What is the EU AI Act?
The EU AI Act is a major AI regulation built around a risk-based model. It applies different obligations depending on how an AI system is used and what level of harm it could create.
Risk tiering determines the depth of obligations
Prohibited AI
Uses considered unacceptable due to fundamental rights, manipulation, exploitation or social harm concerns.
High-risk AI
Systems used in sensitive domains such as employment, education, essential services, safety or rights-impacting areas.
Limited-risk AI
Systems where transparency obligations may apply, such as disclosure that users are interacting with AI.
Minimal-risk AI
Lower-risk uses with fewer formal requirements, though responsible governance remains good practice.
In simple terms, the Act aims to ensure that AI systems used in sensitive contexts are safe, transparent, traceable, human-supervised and accountable.
Public-facing summary
The EU AI Act is not just about models. It is about how AI systems are placed on the market, deployed, monitored, documented and governed when they can affect people, services, rights or safety.
The risk tiers
The EU AI Act uses risk tiers. Some AI practices are prohibited. High-risk AI systems face the strongest operational obligations. Limited-risk systems usually require transparency measures. Minimal-risk systems have fewer obligations.
The key business task is classification: organizations need to understand what AI systems they use, what those systems do, who they affect, and whether the use case falls into a high-risk category.
Why agentic AI complicates compliance
Agentic AI can complicate compliance because the system is not just generating text. It may act across tools, workflows, APIs, memory stores and enterprise platforms.
EU-style governance becomes harder when AI systems can act
Agentic systems create evidence needs around tool use, delegation, human oversight, logs and operational monitoring.

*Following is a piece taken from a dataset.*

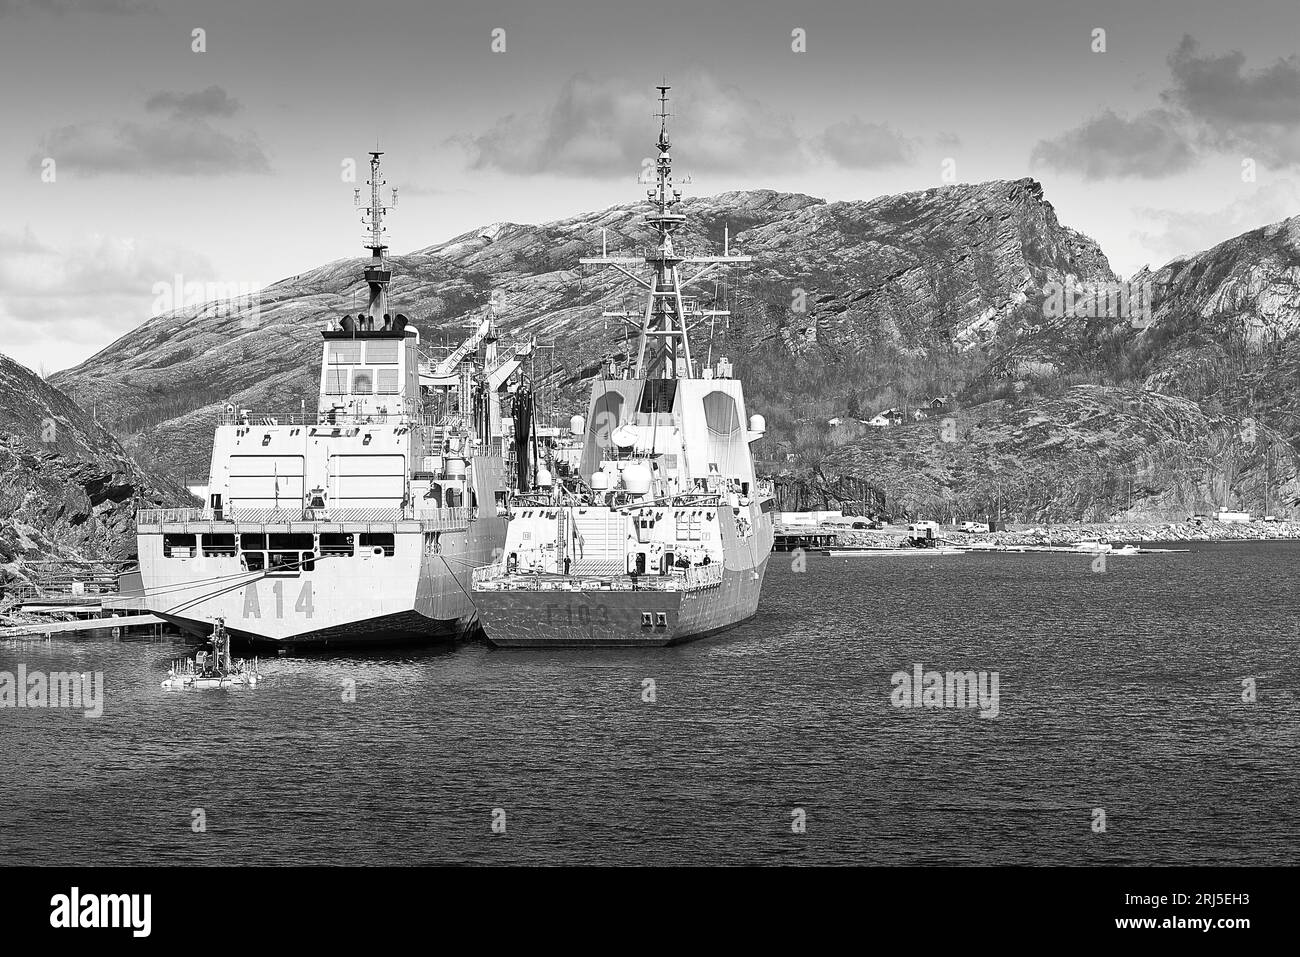 Foto in bianco e nero della Marina spagnola (Armada) Frigate BLAS DE LEZO & Replenishment Oiler Patiño, ormeggiato a Bodo, Norvegia durante le tensioni militari Foto Stock

That means organizations need to consider not only model output, but the full operating chain:
- What the agent was asked to do
- Which tools the agent selected
- Whether the action matched the approved purpose
- Whether a human should review or approve the action
- Whether the agent used sensitive data appropriately
- Whether logs can explain why an action occurred
What this means for businesses
Businesses operating in or selling into the EU should prepare for more disciplined AI governance. Even where a system is not formally high-risk, customers, regulators, auditors and boards will increasingly expect clear evidence of safe AI operation.
Practical steps include maintaining an AI and agent inventory, classifying use cases by risk, documenting permitted actions, applying human oversight where needed, logging agent actions and monitoring for misuse.
How AgenticDome can support EU AI Act readiness
AgenticDome can support EU AI Act readiness by helping organizations create operational evidence and runtime controls around agentic systems. It does not replace legal advice, conformity assessment, data governance or formal compliance programs.
Public-safe summary: runtime assurance for agentic workflows
AgenticDome helps organizations observe and control agentic interactions without exposing proprietary internal methods or implementation details.
Observe
Track agent-to-agent, agent-to-tool, agent-to-system and memory interactions.
Control
Allow, block, flag or escalate sensitive agent actions based on runtime risk context.
Evidence
Preserve structured records that support audit, incident response and governance review.
Why runtime assurance matters
Documentation is necessary, but it is not enough. Agentic systems operate dynamically. They respond to prompts, retrieved context, tool outputs, user roles, memory and workflow state.
That dynamic behavior requires runtime assurance: the ability to observe, evaluate and control what agents actually do in production.
References and further reading
The bottom line
The EU AI Act will push organizations toward stronger AI governance, documentation, monitoring and human oversight. Agentic AI makes those obligations more operational because agents can act across systems.
AgenticDome’s role is to help organizations build runtime confidence around agent actions, so governance teams can move from policy statements to operational evidence.